Remembering the language of car sales

I used to sell cars.  I’ve written of it a time or two, though not in a long while.  There were about 20 months between when my life as a college student ended and my life as a technical writer began, and for some of those months I sold Acuras.

I graduated from college in the spring of 1992, which made me one of the last to earn a degree with, essentially, no World Wide Web.  It was just barely there, and there was almost nothing on it.  Huge swaths of a college student’s life today bear no resemblance at all to the experience I had.

I bring that up because the timing of the rise of the Web had a lot to do with the way I was trained to sell cars, as well.  Buying and selling cars now is worlds apart from the way it was, even those 16 or 17 short years ago.  All of the information is available everywhere.  Margins have shrunk.  There are basically no bad new cars for sale.  There is still salesmanship, good and bad, to navigate, but the buyer has benefited from an information-generated power shift that is likely permanent.

But way back in the summer of 1993, when I sat for my sales training, I got it old-school and in-your-face from a grizzled veteran.  To be sure, I got a lot of valuable human relations training as well, but the way I was taught to sell cars was with time-honored, “classic” techniques—the “let me check with my boss” routine and what-not.  (I really did have to check with my boss, by the way.  In some ways, I was as much a pawn as you were.)

Mind, I have little doubt cars are still sold that way every hour of every day.  You have to be the car dick and fight with some people.  There’s a certain kind of 50-60ish jackass redneck who requires you to argue and raise hell, and if you don’t, he’ll go buy from someone who will.  I’m just saying it’s not the only way (or even the dominant way) it’s done anymore.

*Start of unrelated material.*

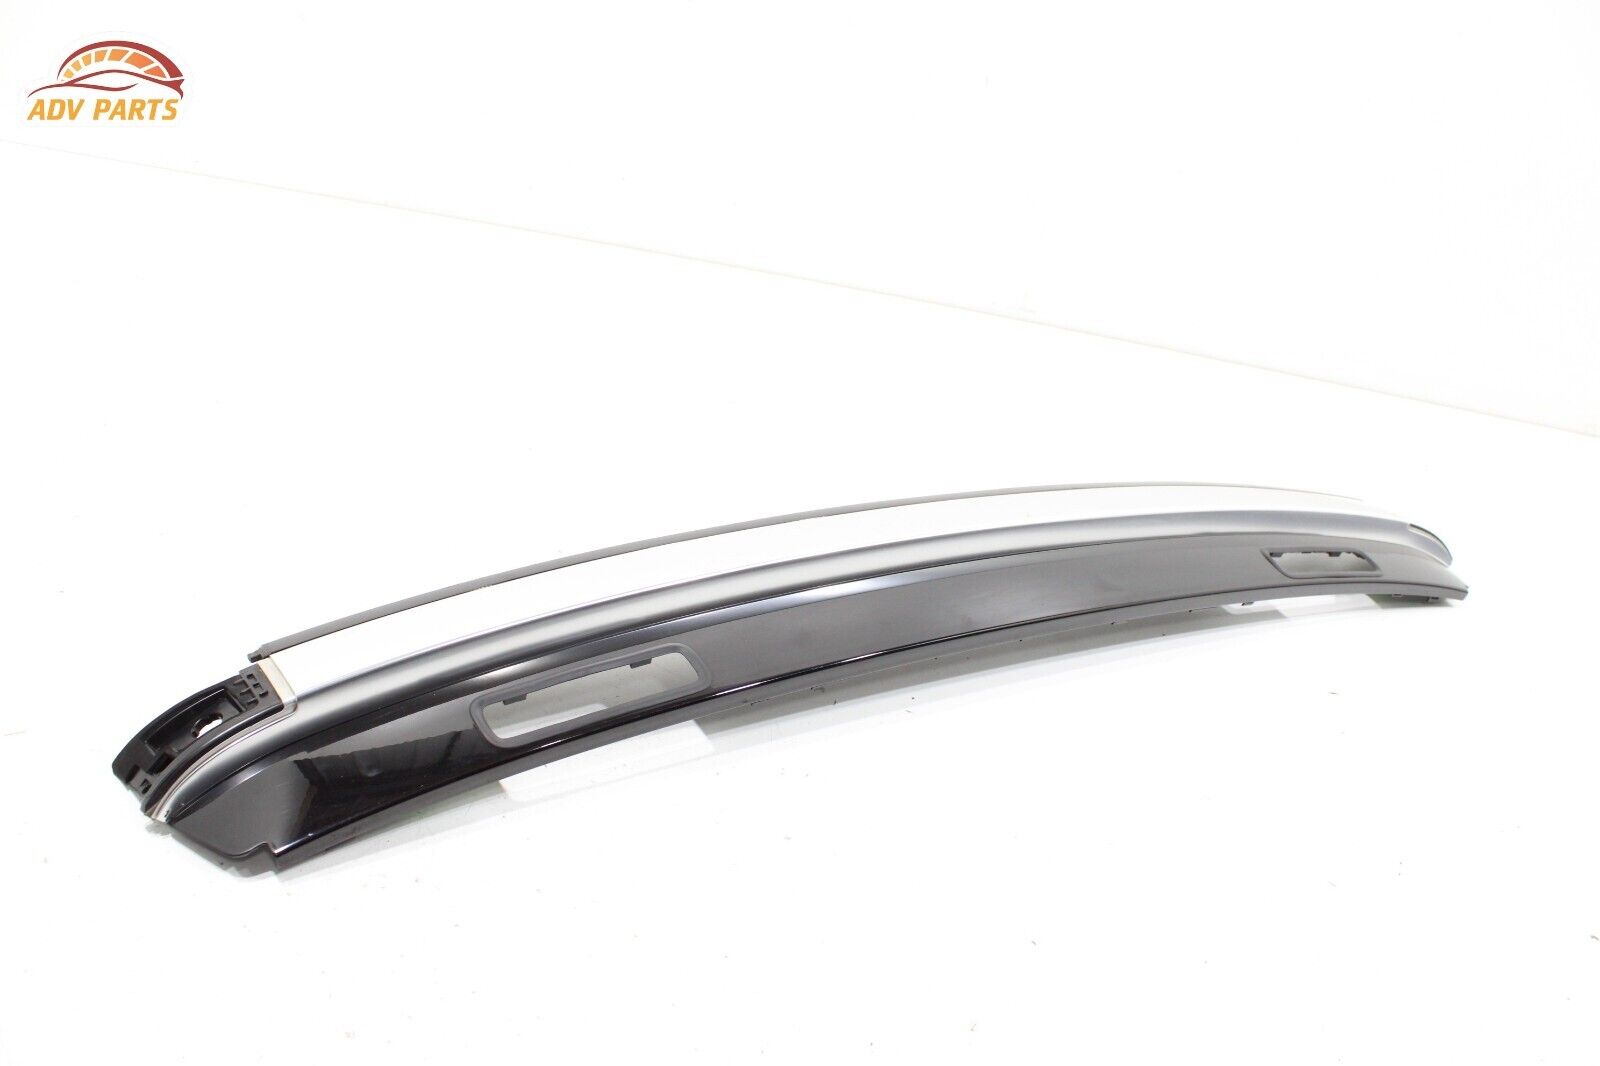 AUDI A5 CONVERTIBLE WINDSHIELD UPPER HEADER COVER MOLDING OEM 2018 - 2023 💎

I got to chuckling today thinking about the euphemisms we used to employ.  We had a list of taboo words, and the words we were supposed to say instead.

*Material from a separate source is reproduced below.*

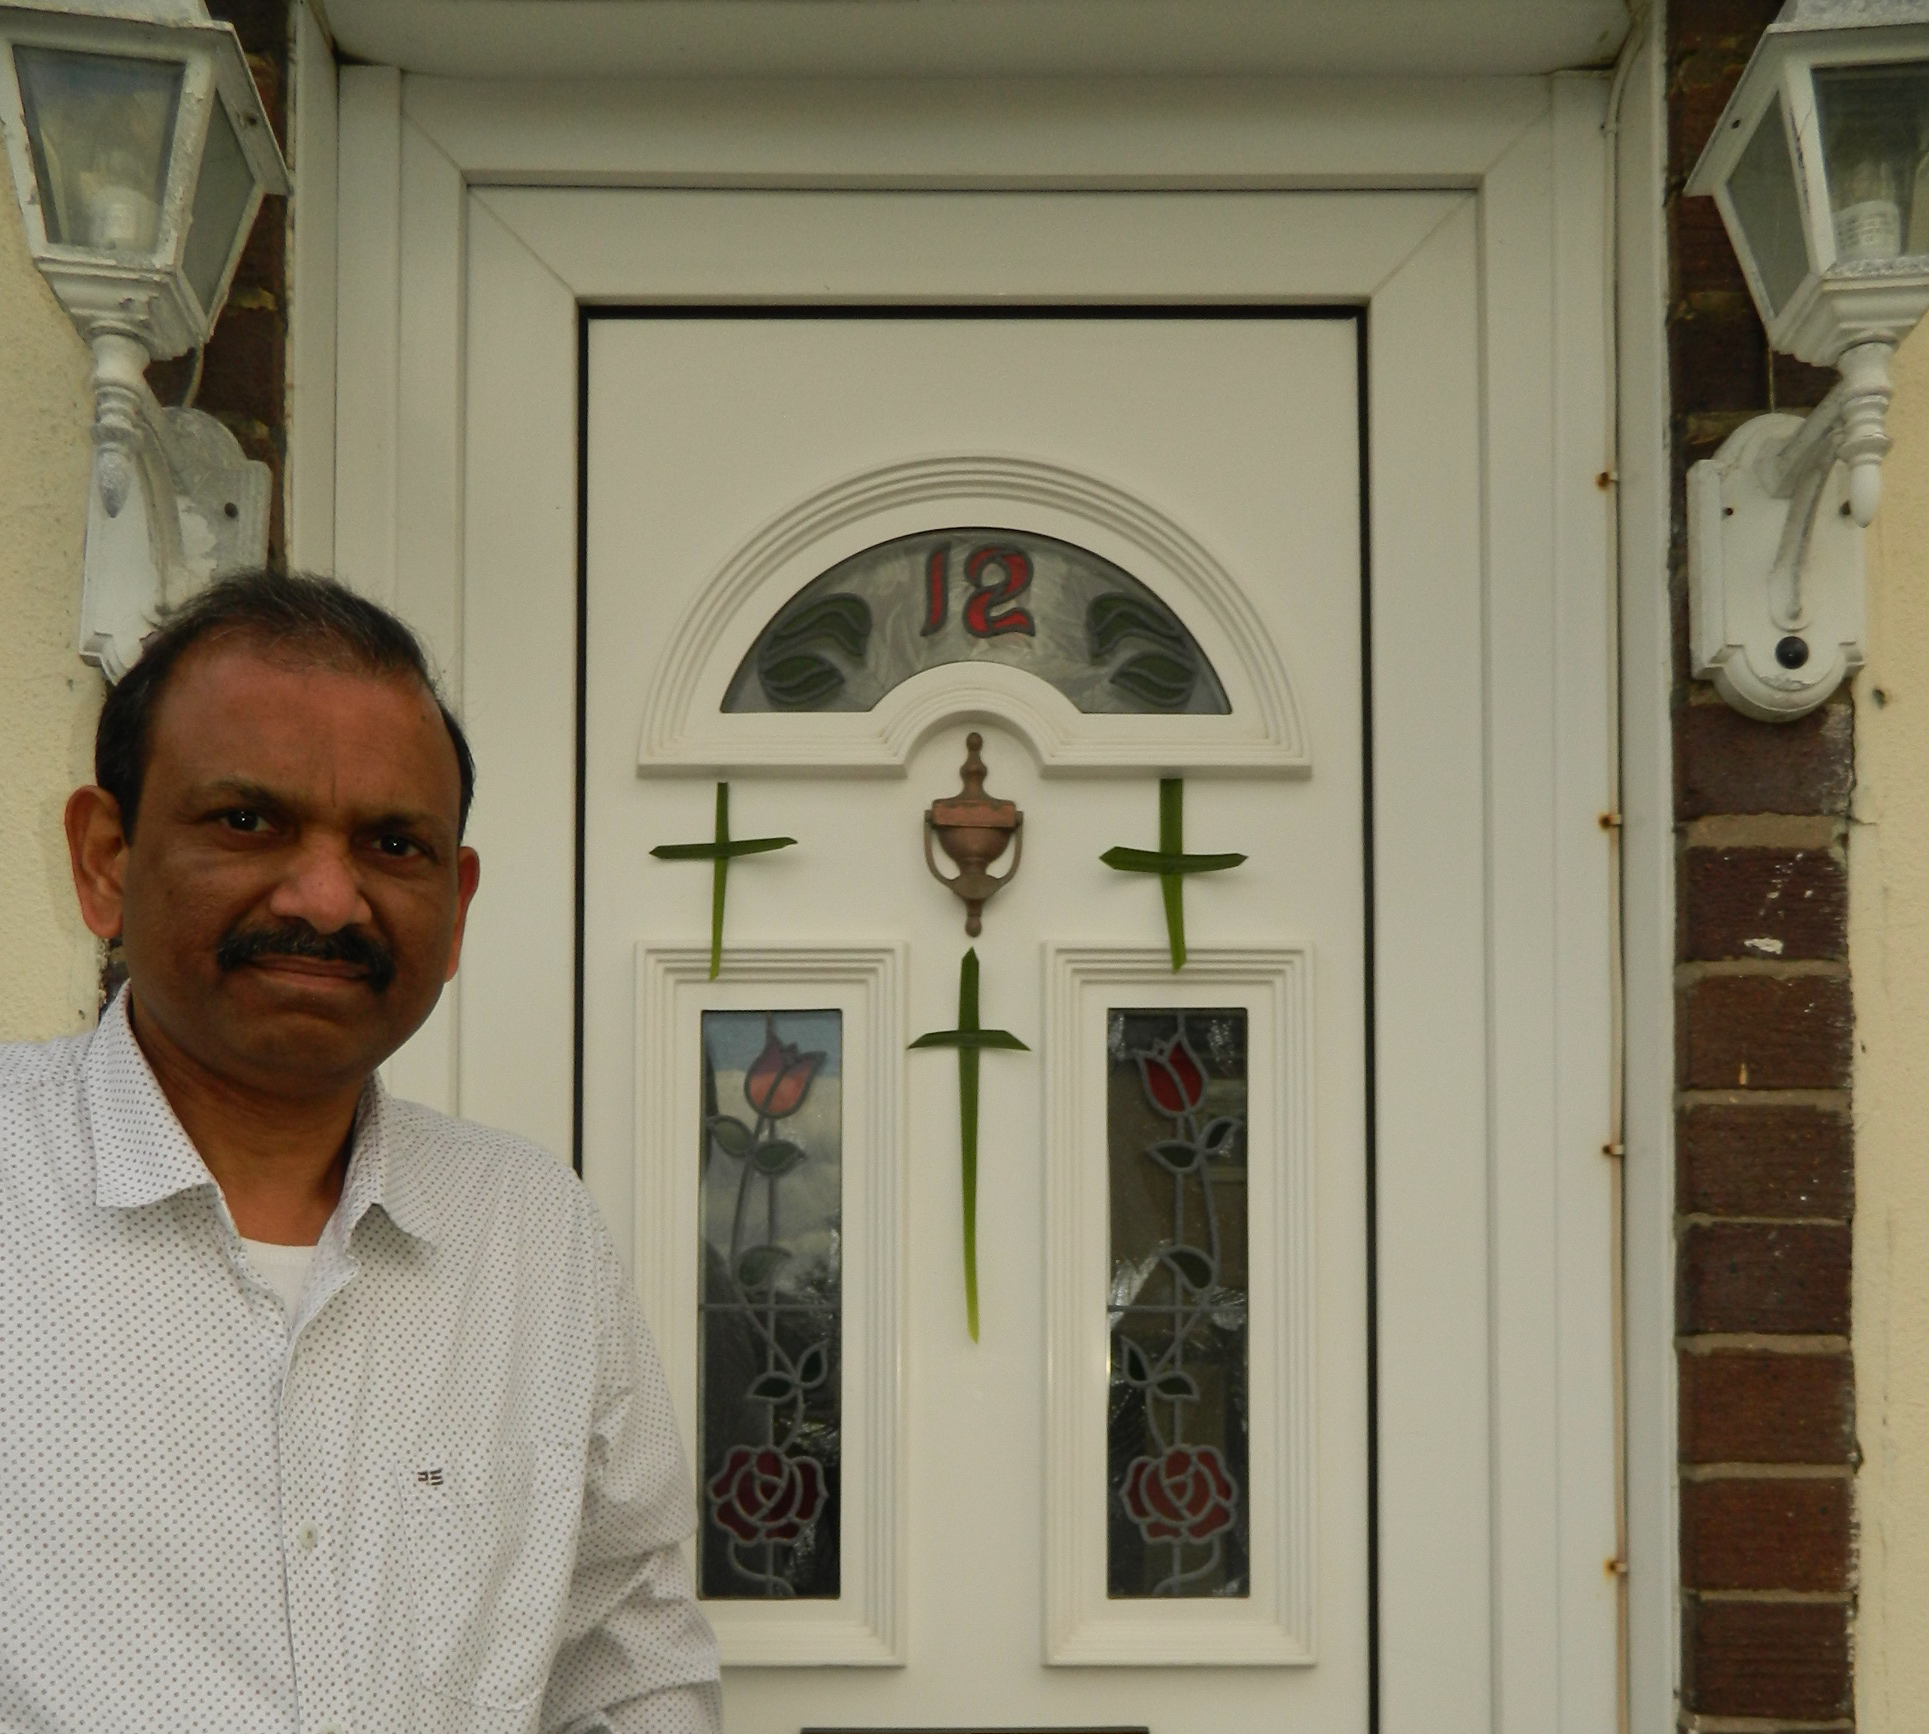 Hang a green cross on your door this Palm Sunday

  • We didn’t talk about a car’s price; we talked about its market value.
  • I would never ask you “what kind of payments can you afford?”  Rather, I would say “what type of monthly budget were you considering?”  (The right answer there, of course, is “I’m not thinking of payments; we’ll negotiate the bottom line.”)  If, instead, you named a number (as probably two-thirds of you did), then my immediate response would be “Up to what?”
  • We never “allowed” you a dollar amount on your trade-in.  Rather, “this is what we’re paying you for your car.”
  • I always talked to my boss, not my manager.  If I tell you I’m talking to my manager, you might think “well, I wonder who his manager is?”  Boss has a lot more finality to it.
  • The stereotype is “what do I have to do to get you in this car today?”  The reality was “you will own this car now when the figures are agreeable.  Is that correct, Mr. Prospect?”
  • It crawled into the official paperwork lingo, too.  What is a “capital cost reduction” on a lease agreement?  How about a “down payment”?

(And so forth.)

Once I was sharing some of this on a visit to my mother’s, and her husband cockily announced “you know, none of that stuff ever works on me.”  Well, of course not, man.  When I’m sitting here and laying it out point by point for you, it’s easy to say you wouldn’t be influenced by it.  It’s like the magician beginning the conversation by showing you the false floor in the cabinet, dig?

I’ll stop here for now, but I’ll have a post or two more on this soon.  Even though a lot of what I was taught seems a little antiquated and corny now, I also learned a lot of great things about understanding motivations, behavioral triggers, and so forth (that dovetailed nicely with my academic training, actually) that have remained valuable to me.

I have no desire to go back and do it again—it’s a stressful and brutally long-houred job, even when it’s going well—but I’m certain I’d be much better at it today than I was as a green-gilled 22-year-old.  (And I didn’t suck then, baby.  Heh.)